Editor’s note: Wired for Safety is a column on cybersecurity and other tech issues. Duane Dunston is an assistant professor of cybersecurity and networking at Champlain College. He received his bachelor’s and master’s of science from Pfeiffer University. From 2001 to 2011 he worked in cybersecurity for NOAA. He is a doctoral student at Northeastern University with a concentration in Curriculum, Teaching, Learning, and Leadership. His other activities include “You Have A Voice,” a project to develop an electronic screening assessment to identify human trafficking victims.
“In general, patching does not work; you cannot patch a system that was badly designed in the first place. You may patch it until you are blue in the face, and every time you put in a patch, you introduce several new errors or flaws.” (Peter Neumann, 1996).”
[I]’ve been reading many articles about the Baltimore city compromise. Many fingers are being pointed at the NSA for having sat on the vulnerability without reporting it — that will require another article. I was relieved to hear an inquiry is being made into the security practices of the city. The tools that were alleged to be used in this case were well-known as a result of a data leak at the NSA. However, as a result of the leak, Microsoft released a patch to fix the vulnerability that is alleged to have been exploited within the Baltimore city’s systems in 2017. Does that sound familiar?
One of the reasons patching is so tricky is because networks are not usually designed with security from the beginning, so patching, and implementing security controls, can cause significant disruptions to organization processes.
Why isn’t it easy to figure out the processes used in organizations? Imagine having to understand the flow of information for your own organization compared to a city’s network which spans multiple buildings. It is hard, though not impossible, to understand information flows and then trying to figure out how to implement security controls to prevent disruption of services and, sometimes, recommending a change in how people do their work. Patching may not be possible in all situations based on the complexities and age of the system it is running on and the sensitivity of the system that depends on the computers. Systems that monitor or maintain medical patients in critical condition, emergency medical services, or radio communications, and weather satellites may have to be exempt from patching until thorough testing has been performed. Those types of computer systems are highly sensitive, and life and property could be at stake as a result of any downtime.
Yes, I mentioned weather satellites. Have you ever checked to see how many planes are in the sky at any given time? Imagine that weather satellites became unavailable. How would they receive severe weather alerts or radio communications prevent warnings about severe weather in their path? All information has value, so any computer system that creates, stores, or transmits it must be protected.
What organizations can do is implement compensating controls for systems that can’t be upgraded or upgraded within a reasonable amount of time. The compensating controls will help mitigate threats to those systems. Physical security controls such as limited access to those computers, cameras, locks, multi-factor authentication to enter a facility, or security guards monitoring access.
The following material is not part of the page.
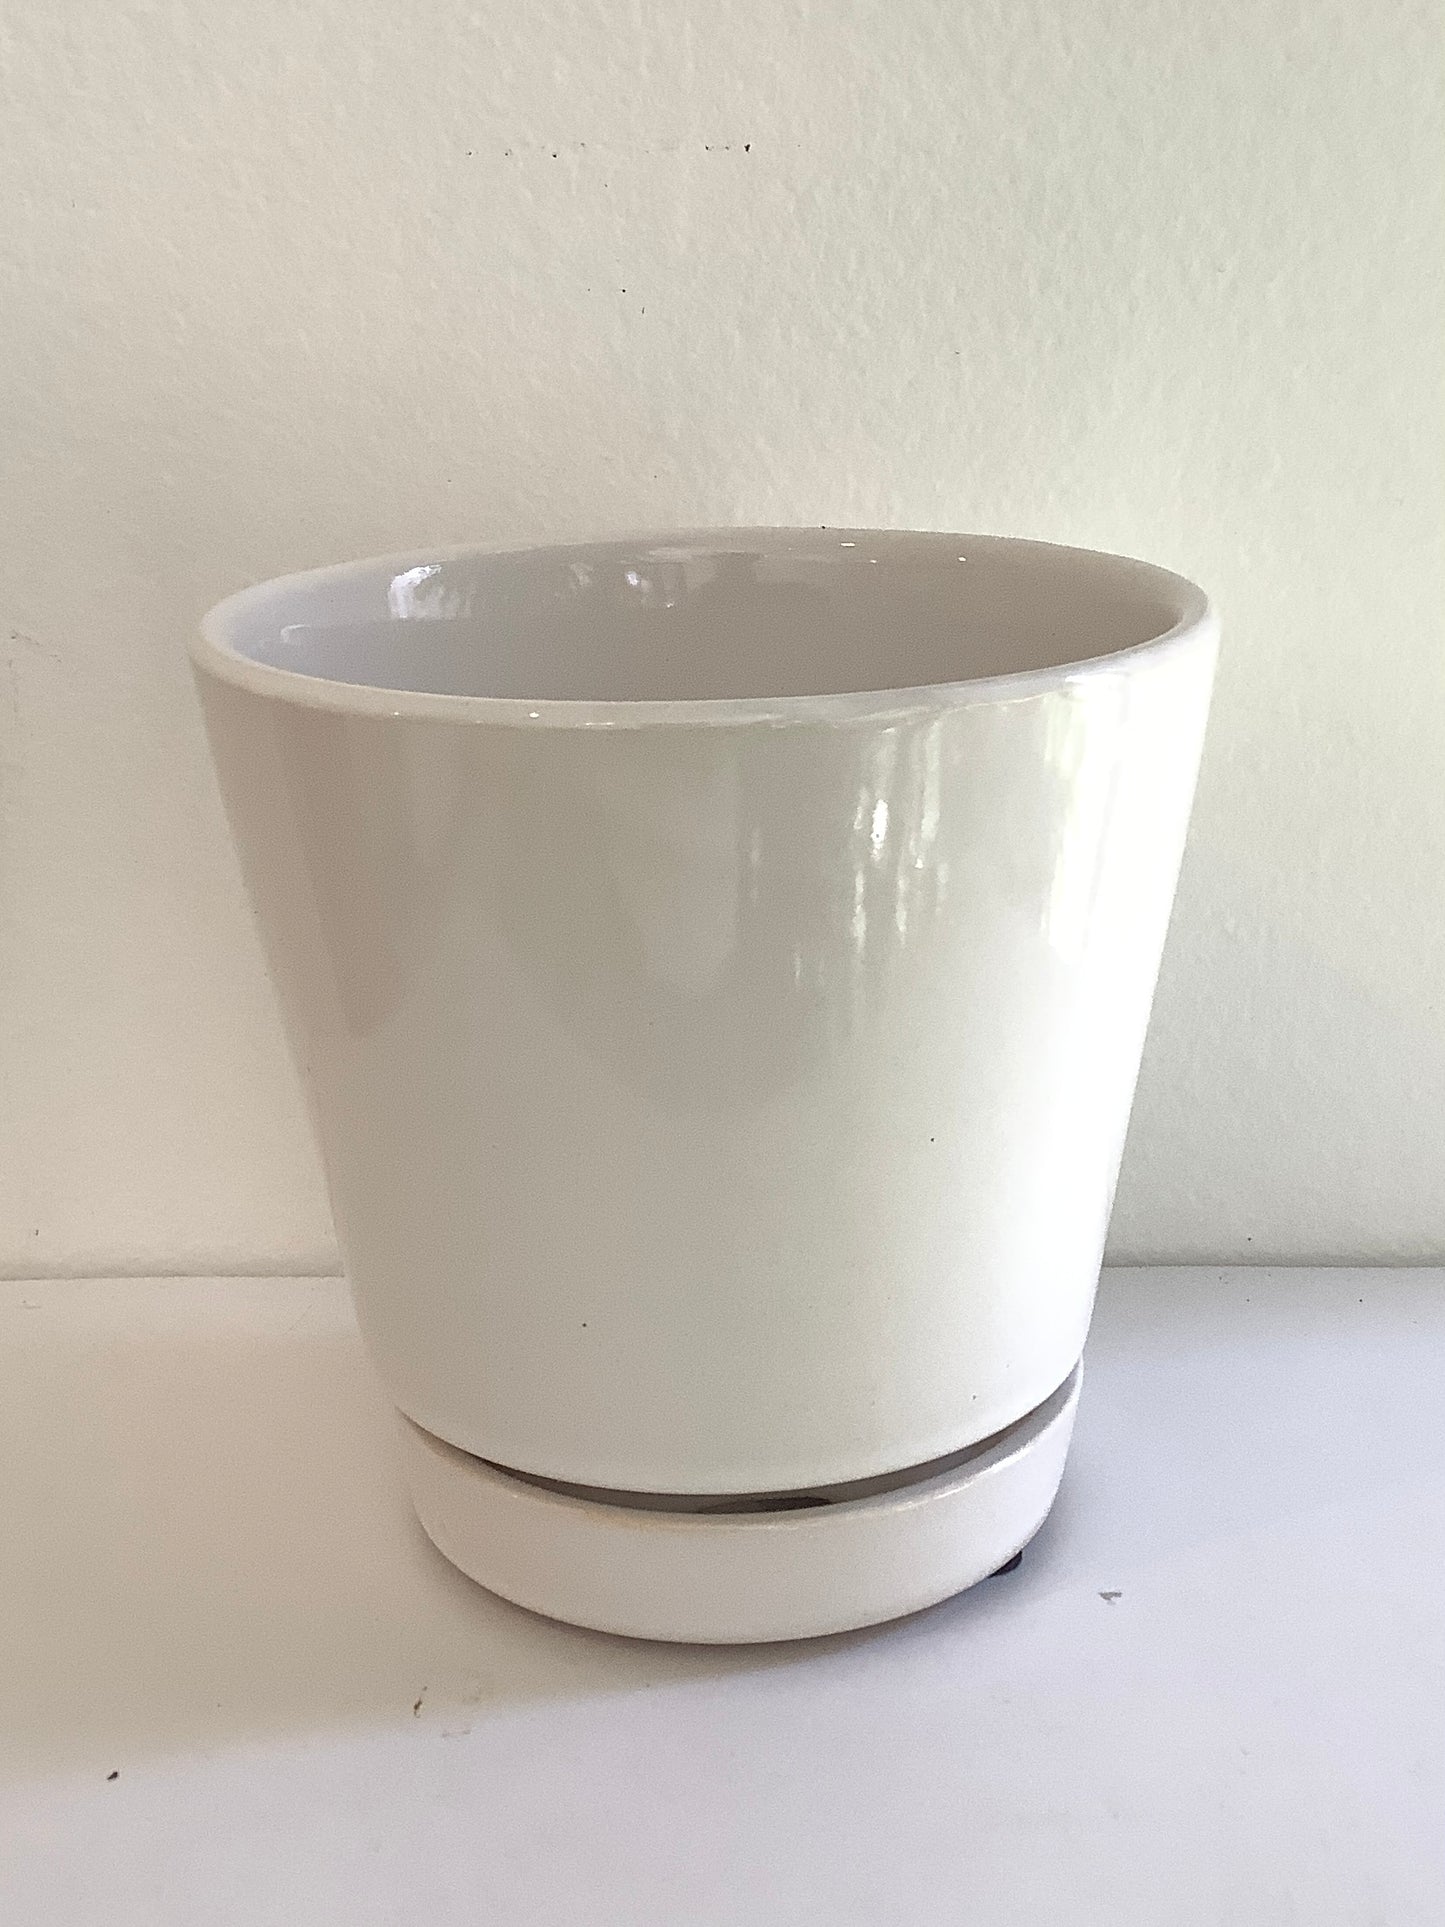 4" Gloss White Ceramic Planter Pot w/ Saucer

Patching computer systems in organizations has to be carefully planned. Service disruptions can be exacerbated by not having a backup plan if something breaks during the update process. Each organization has its own level of uptime and downtime tolerance. Those must be determined and appropriate financial and people resources put into place to mitigate a security incident before it occurs.
The other factor involved is that some organizations believe their unpatched systems that are not connected to the internet are safe. Once an adversary gets inside a network, they have access to the same systems the compromised system has access to, as well. Compensating controls can help mitigate access on the local network. A firewall can be put in front of the unpatched system with restricted access to and from the computer (or enable the native host-based firewall) or application whitelisting enabled to restrict what can execute on the host or limit the number of people that have physical or remote access to those systems.
When patching cannot be performed, use compensating controls to help mitigate security threats. It is cheaper to restructure the network and create a secure one versus waiting until a breach to occur. The Baltimore breach estimates have already reached over $18 million.